Handling PDF files
The Portable Document Format (PDF) has become ubiquitous in our daily life, and countless business processes rely on manipulating PDF files for reports, invoices, and a variety of other documents. This, in turn, means that learning how to manipulate PDF files is a very important skill to master for Software Robot Developers.
Which automation library should you use?
With the Robocorp stack, PDF operations are performed using the RPA.PDF library, part of RPA Framework.
Creating PDF files
Using the keywords provided by the RPA.PDF library, you can create PDF files in multiple ways:
- Creating PDF files starting from an HTML template: This method allows to create PDF files based on an HTML template and a set of data. For an example, check out the PDF invites creator robot example.
- Converting HTML content into a PDF file: This can be achieved as a special case of the above. To see this approach at work, you can check the PDF creation chapter of the Beginners' course.
- Creating the PDF file from scratch: The
RPA.PDFlibrary also includes the pyFPDF Python library to enable more advanced and fine-tuned creation of PDF files.

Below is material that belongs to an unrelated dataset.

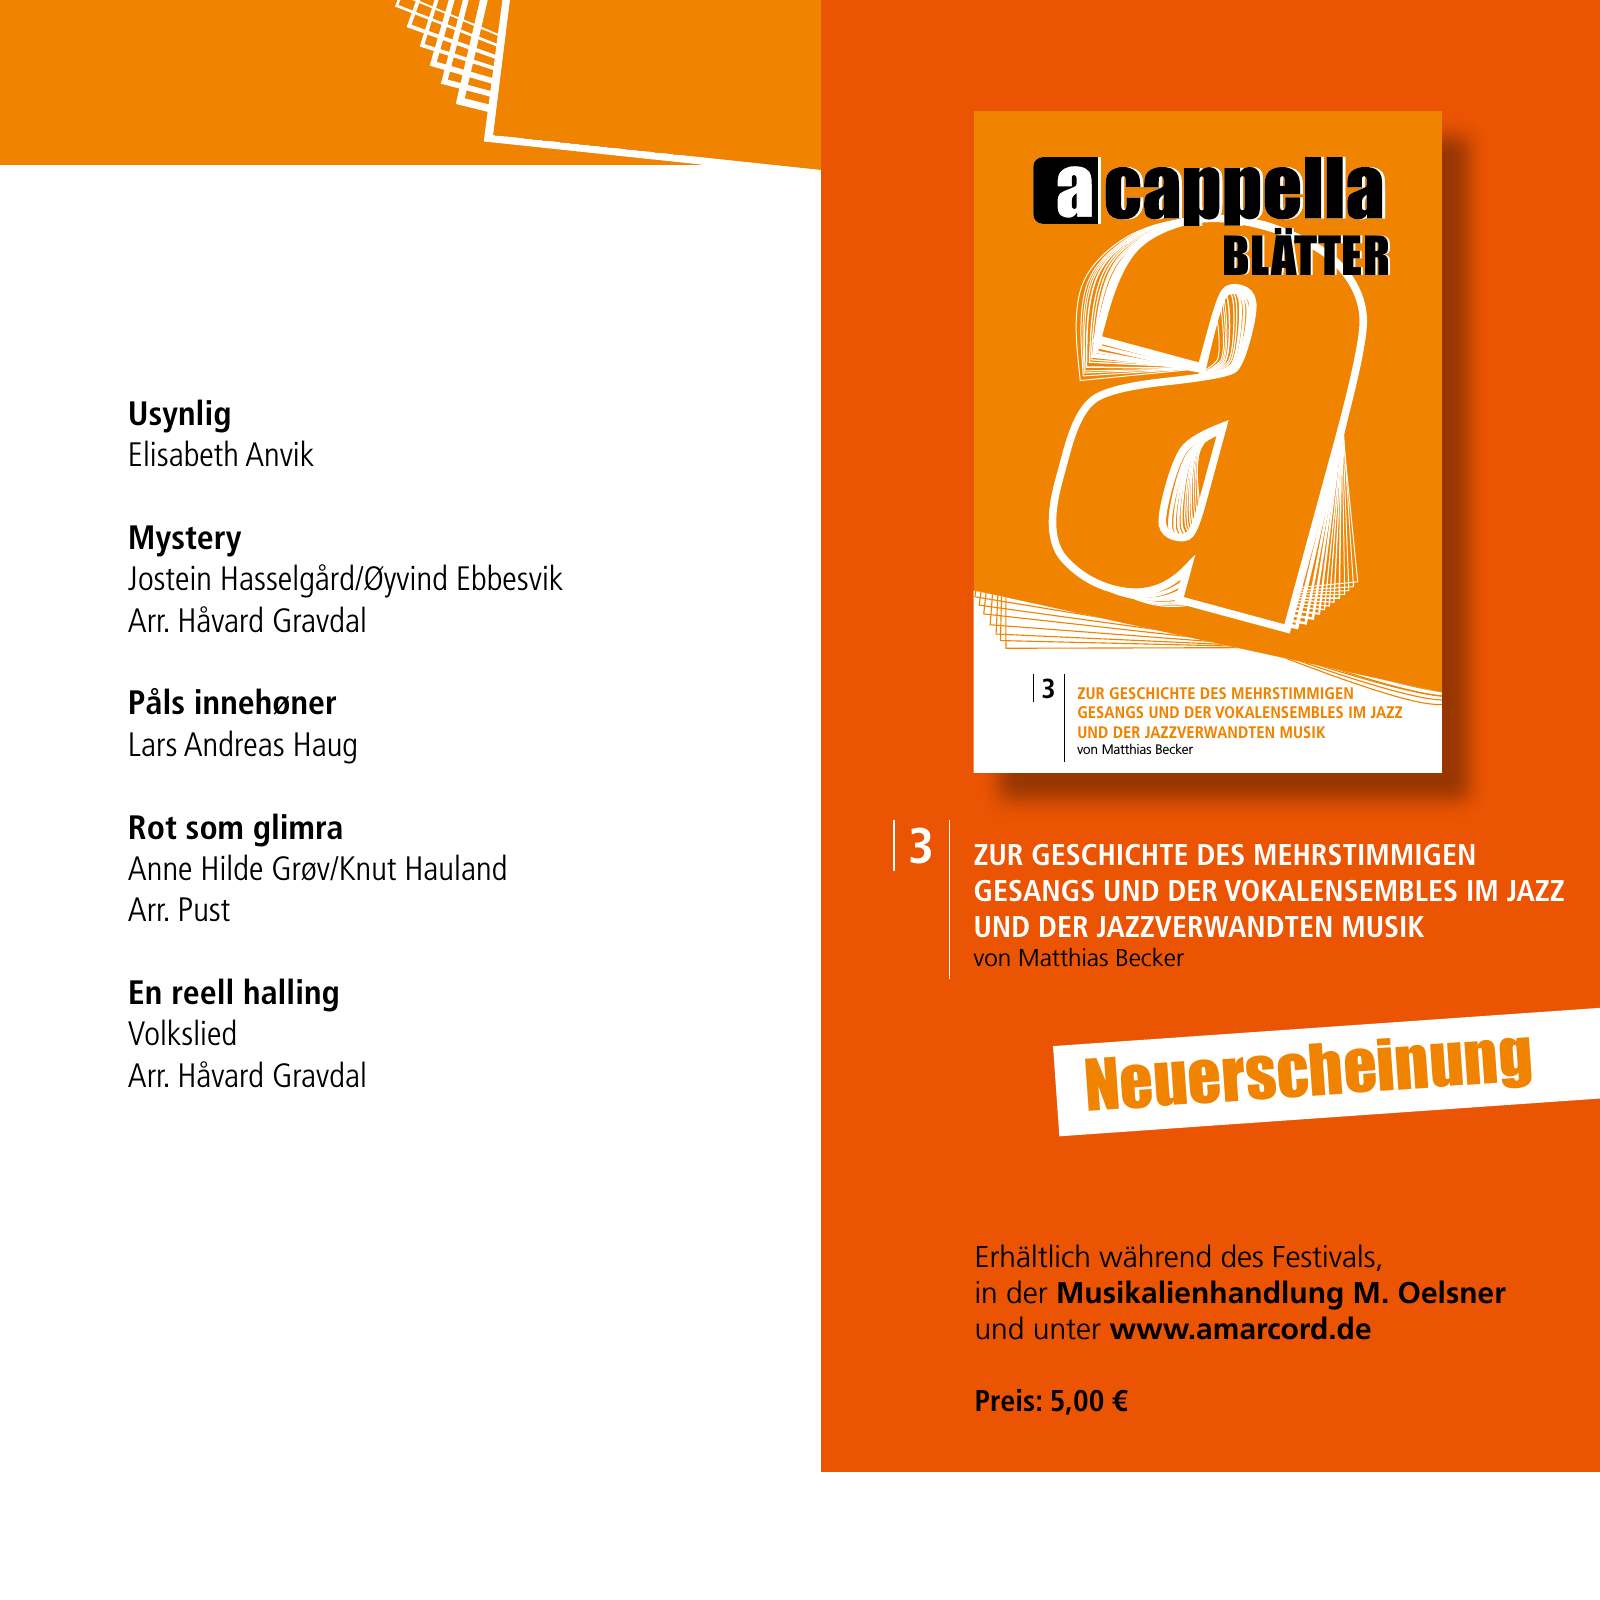 Vorschau E-Paper Festival a cappella 2015 Seite 59
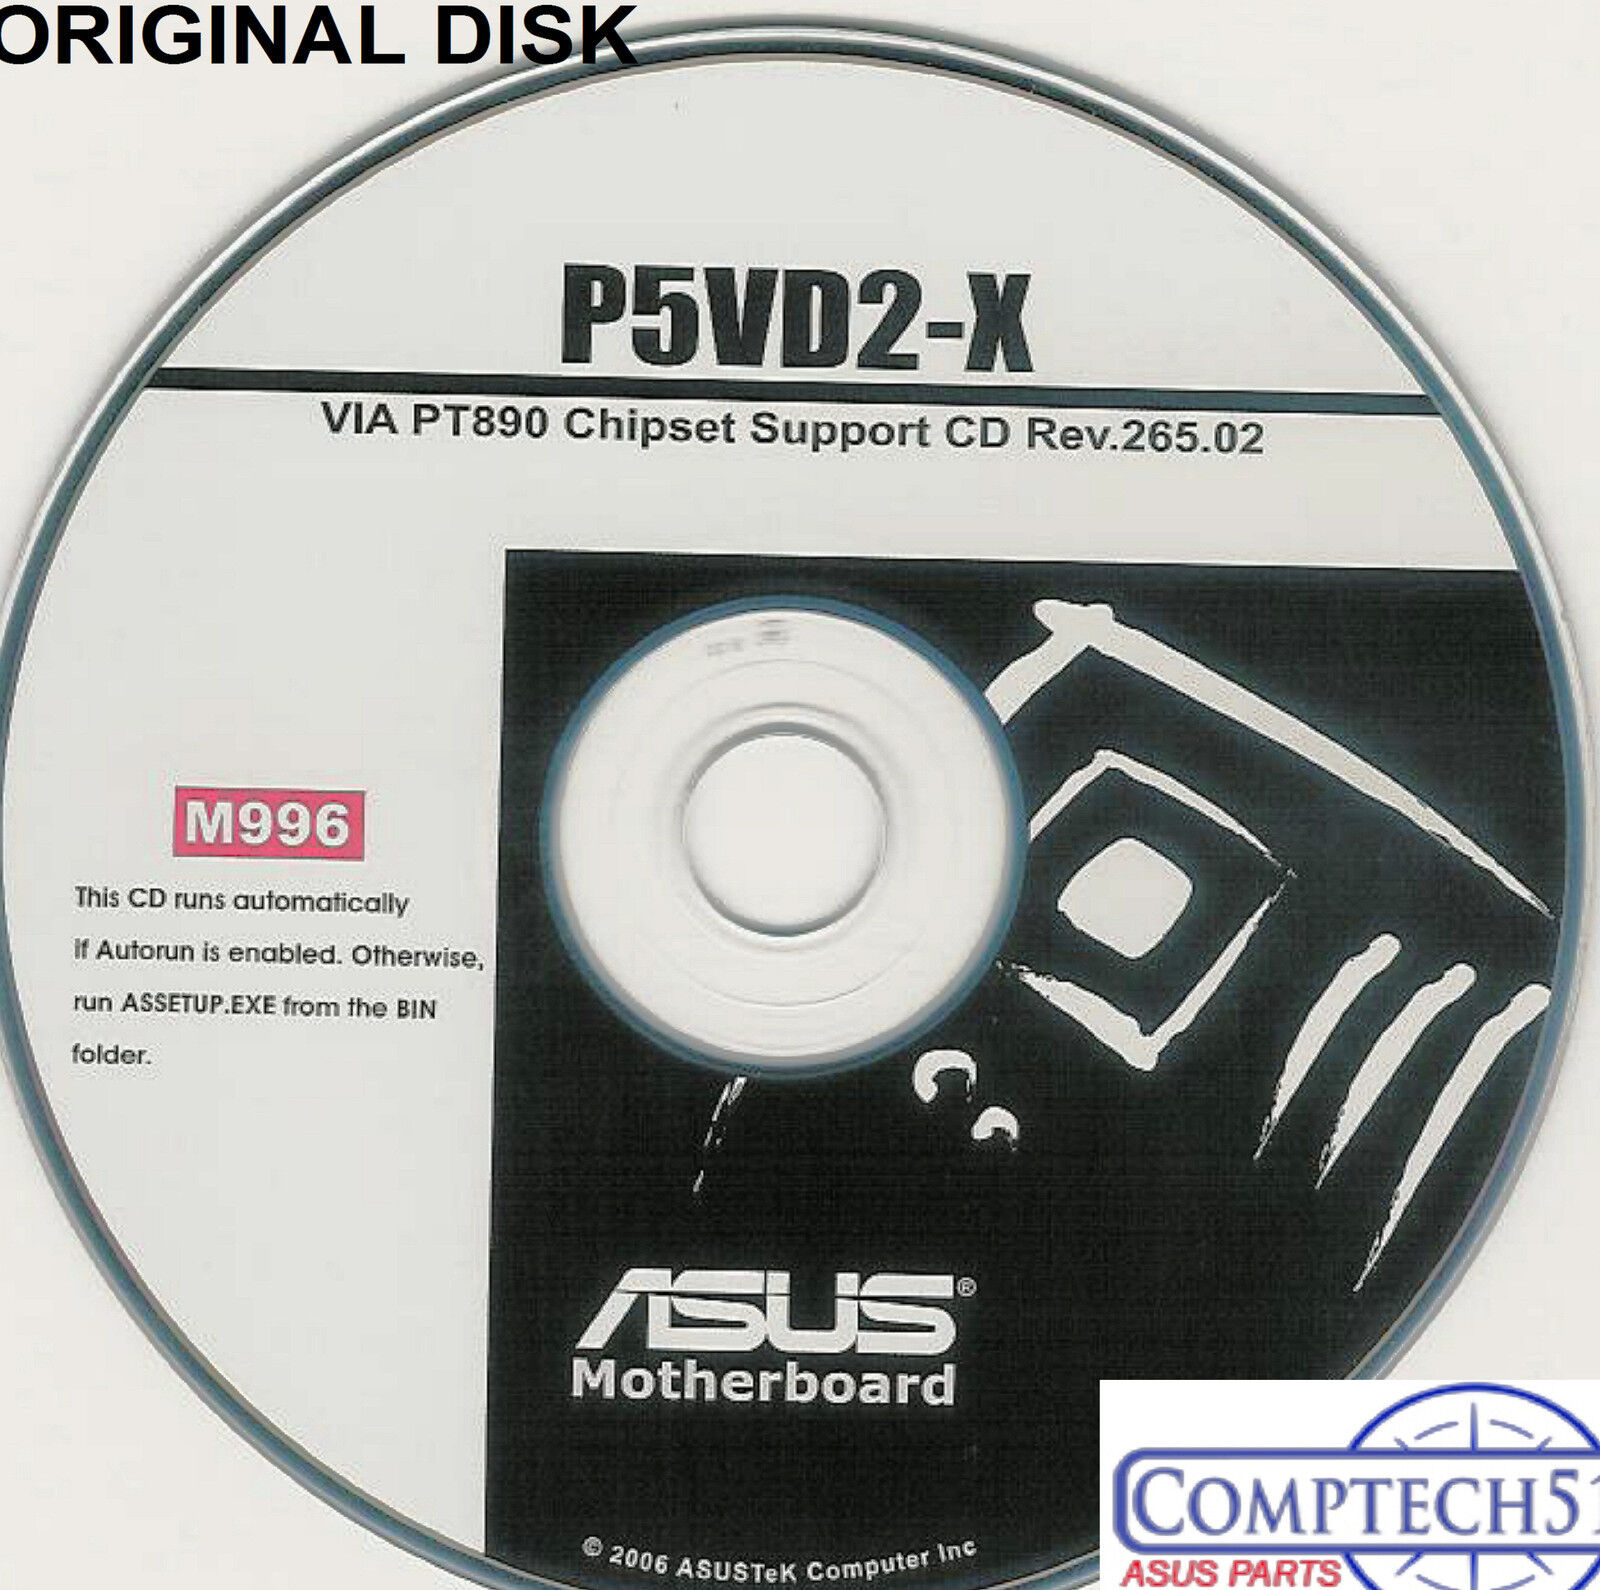 ASUS GENUINE VINTAGE ORIGINAL DISK FOR P5VD2-X Motherboard Drivers Disk M996

Refer to the pyFPDF documentation for more information about the usage and the options available.
Filling PDF forms
PDF files can contain forms that users can fill using a desktop program like Acrobat Reader or Preview on macOS. Using the RPA.PDF library, you can automate this operation. See how in the how to fill PDF forms article.
Reading data from PDF files
Extracting text and data from PDF files is not a simple operation, mostly because this was not the intended use case for the PDF file formats. If possible, using PDF files as a source of data should be avoided. If you absolutely must (😀), you can see a possible approach in the how to read PDF files article.